1. Fujita, M. J., Kimura, N., Sakai, A., Ichikawa, Y., Hanyu, T. and Otsuka, M. (2011). Cloning and heterologous expression of the vibrioferrin biosynthetic gene cluster from a marine metagenomic library. Biosci Biotechnol Biochem 75(12): 2283-2287.
   
2. Neilands, J. B. (1995). Siderophores: structure and function of microbial iron transport compounds. J Biol Chem 270(45): 26723-26726.
   
3. Pandey, A. and Sonti, R. V. (2010). Role of the FeoB protein and siderophore in promoting virulence of Xanthomonas oryzae pv. oryzae on rice. J Bacteriol 192(12): 3187-3203.
   
4. Pandey, S. S., Patnana, P. K., Lomada, S. K., Tomar, A. and Chatterjee, S. (2016a). Co-regulation of iron metabolism and virulence associated functions by iron and XibR, a novel iron binding transcription factor, in the plant pathogen Xanthomonas. PLoS Pathog 12(11): e1006019.
   
5. Pandey, S. S., Patnana, P. K., Rai, R. and Chatterjee, S. (2016b). Xanthoferrin, the alpha-hydroxycarboxylate-type siderophore of Xanthomonas campestris pv. campestris, is required for optimum virulence and growth inside cabbage. Mol Plant Pathol.
   
6. Rai, R., Javvadi, S. and Chatterjee, S. (2015). Cell-cell signaling promotes ferric iron uptake in Xanthomonas oryzae pv. oryzicola that contribute to its virulence and growth inside rice.
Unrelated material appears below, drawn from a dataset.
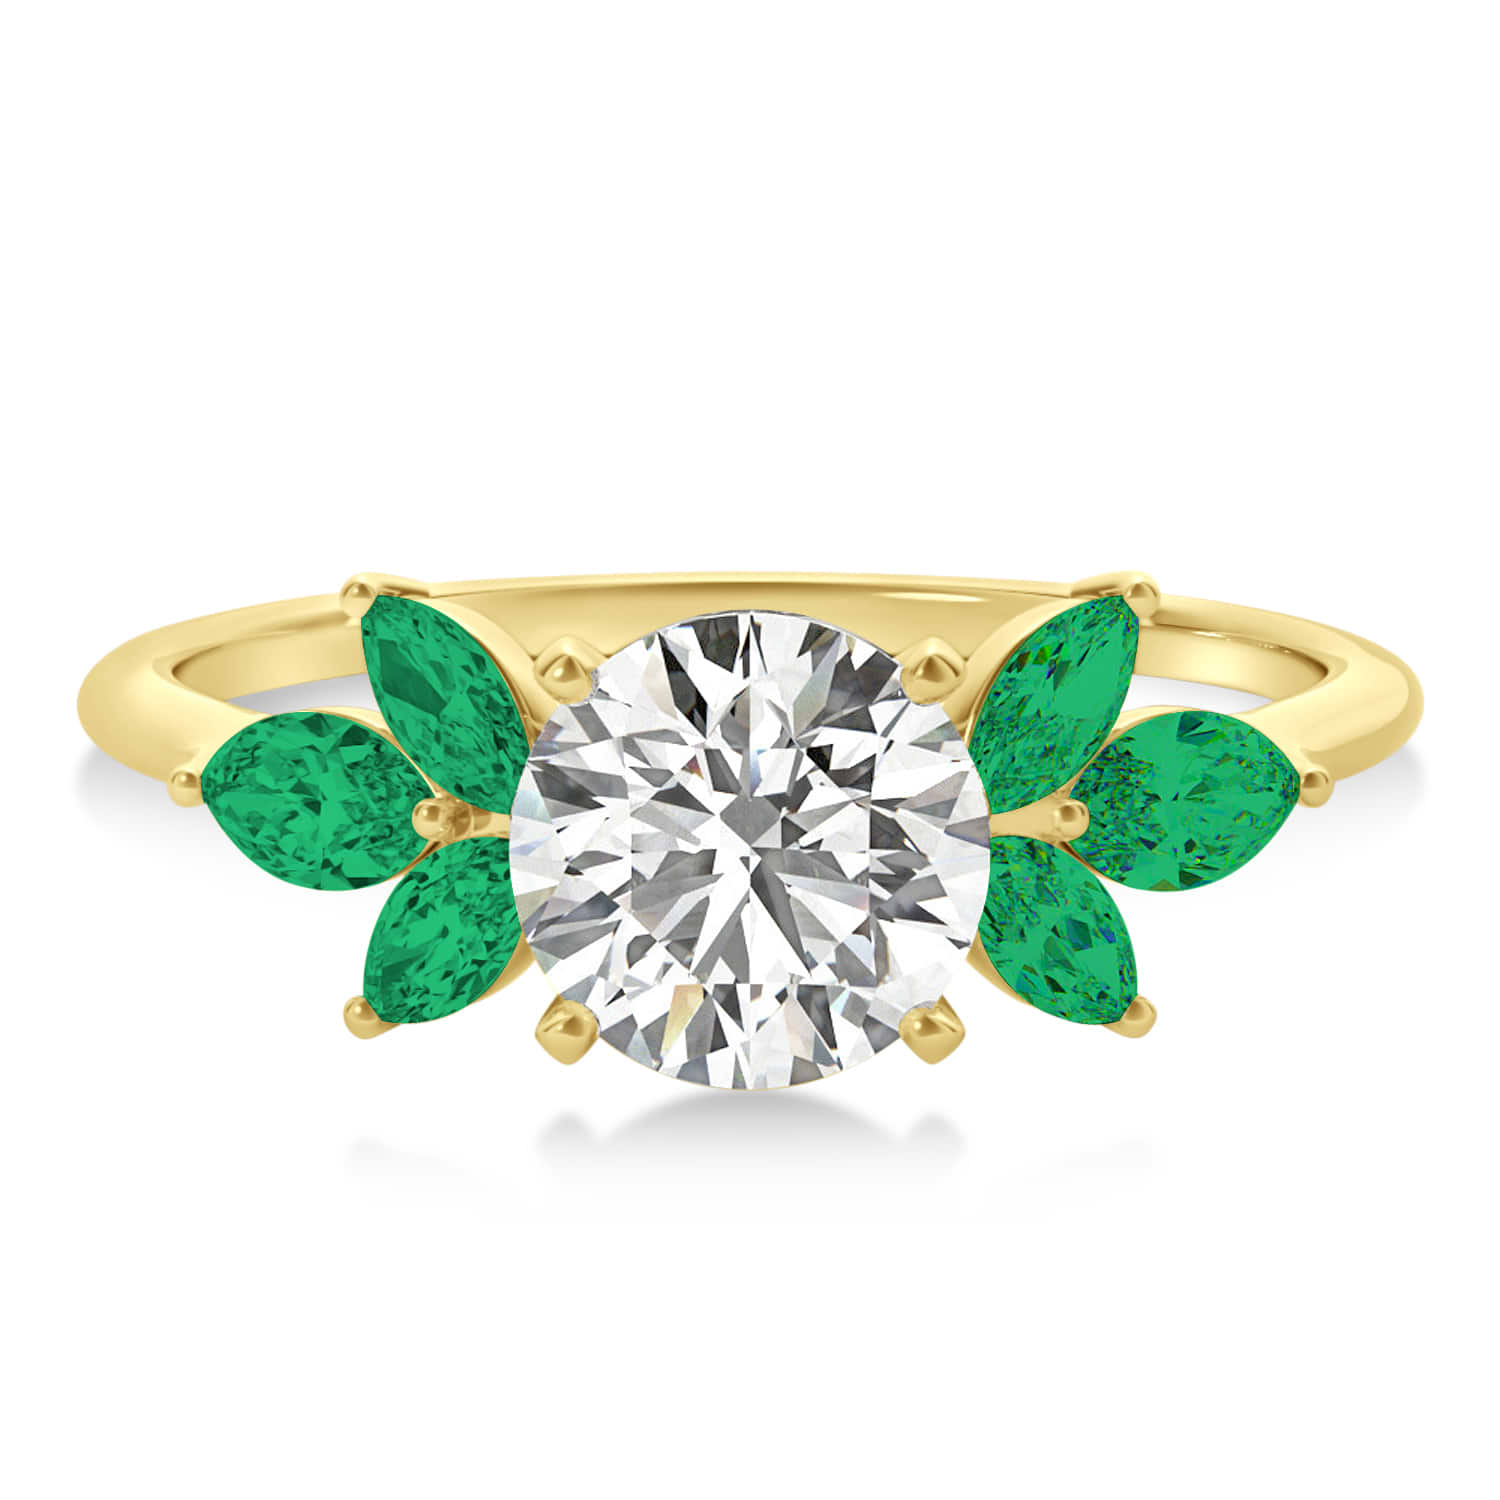 Emerald Marquise Floral Engagement Ring 14k Yellow Gold (0.50ct)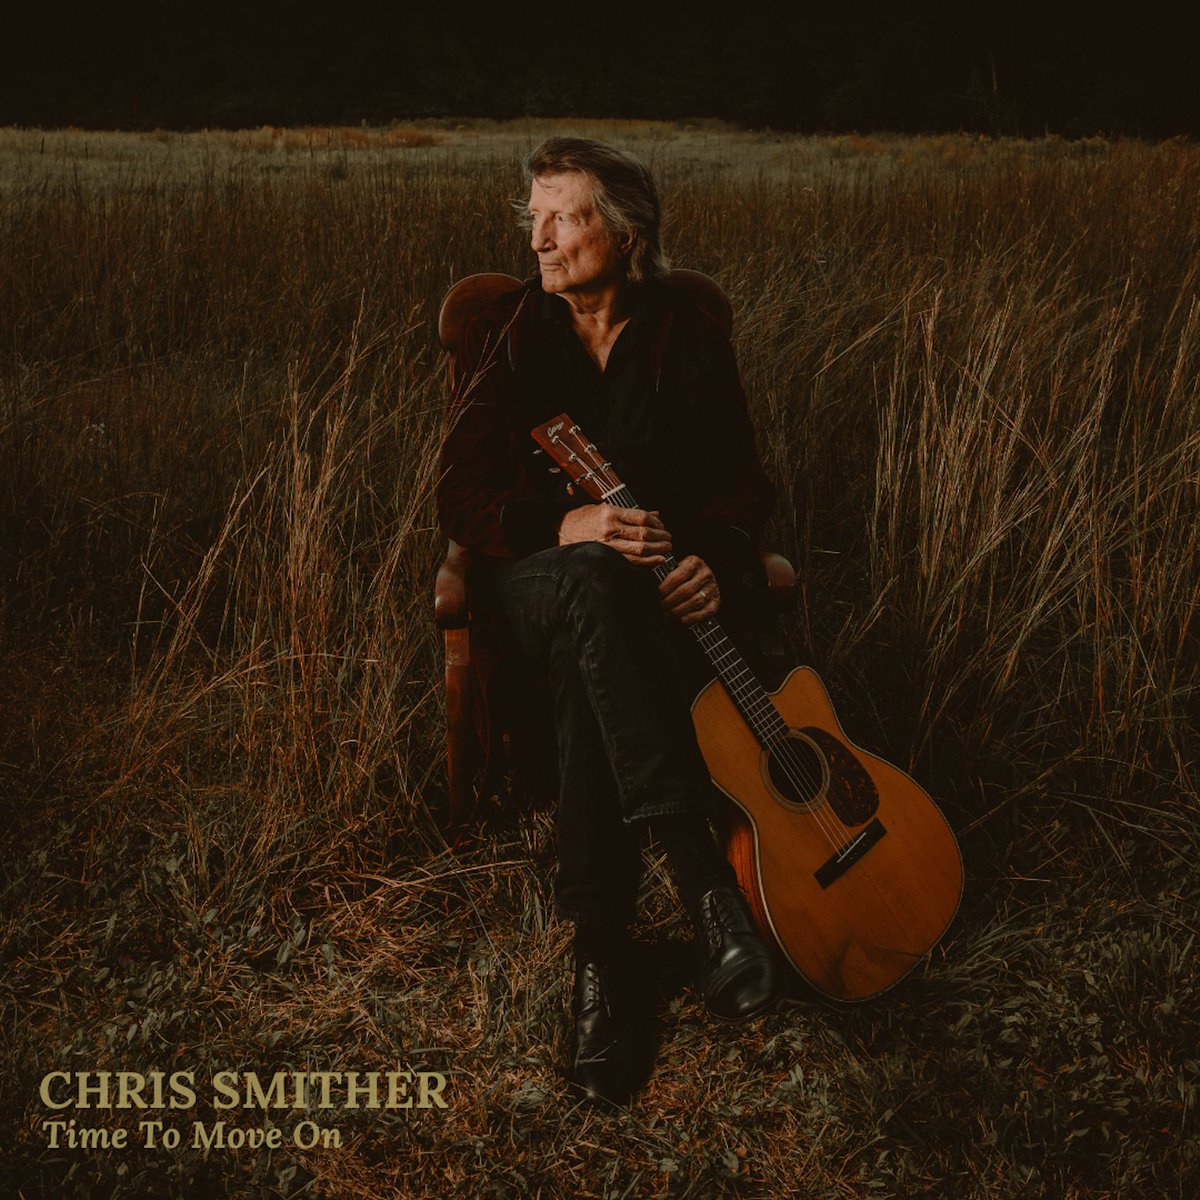 'With Smither at the helm, the song is given a fresh perspective and sound with his loping acoustic folk and gorgeously wise folk vocals.' - @glidemag Listen to @ChrisSmither_'s new single 'Time To Move On' #nowplaying here: smither.lnk.to/time

Mol Microbiol 96(4): 708-727.
   
7. Rey, F., Ferreira, M. A., Facal, P. and Machado, A. A. S. C. (1996). Effect of concentration, pH, and ionic strength on the viscosity of solutions of a soil fulvic acid. Can J Chem 74: 295-299.
   
8. Schwyn, B. and Neilands, J. B. (1987). Universal chemical assay for the detection and determination of siderophores. Anal Biochem 160(1): 47-56.
   
9. Tsuchia, K., Mew, T. W. and Wakimoto, S. (1982). Bacteriological and pathological charecteristics of wild types and induced mutants of Xanthomonas campestris pv. oryzae. Phytopathology 72: 43-46.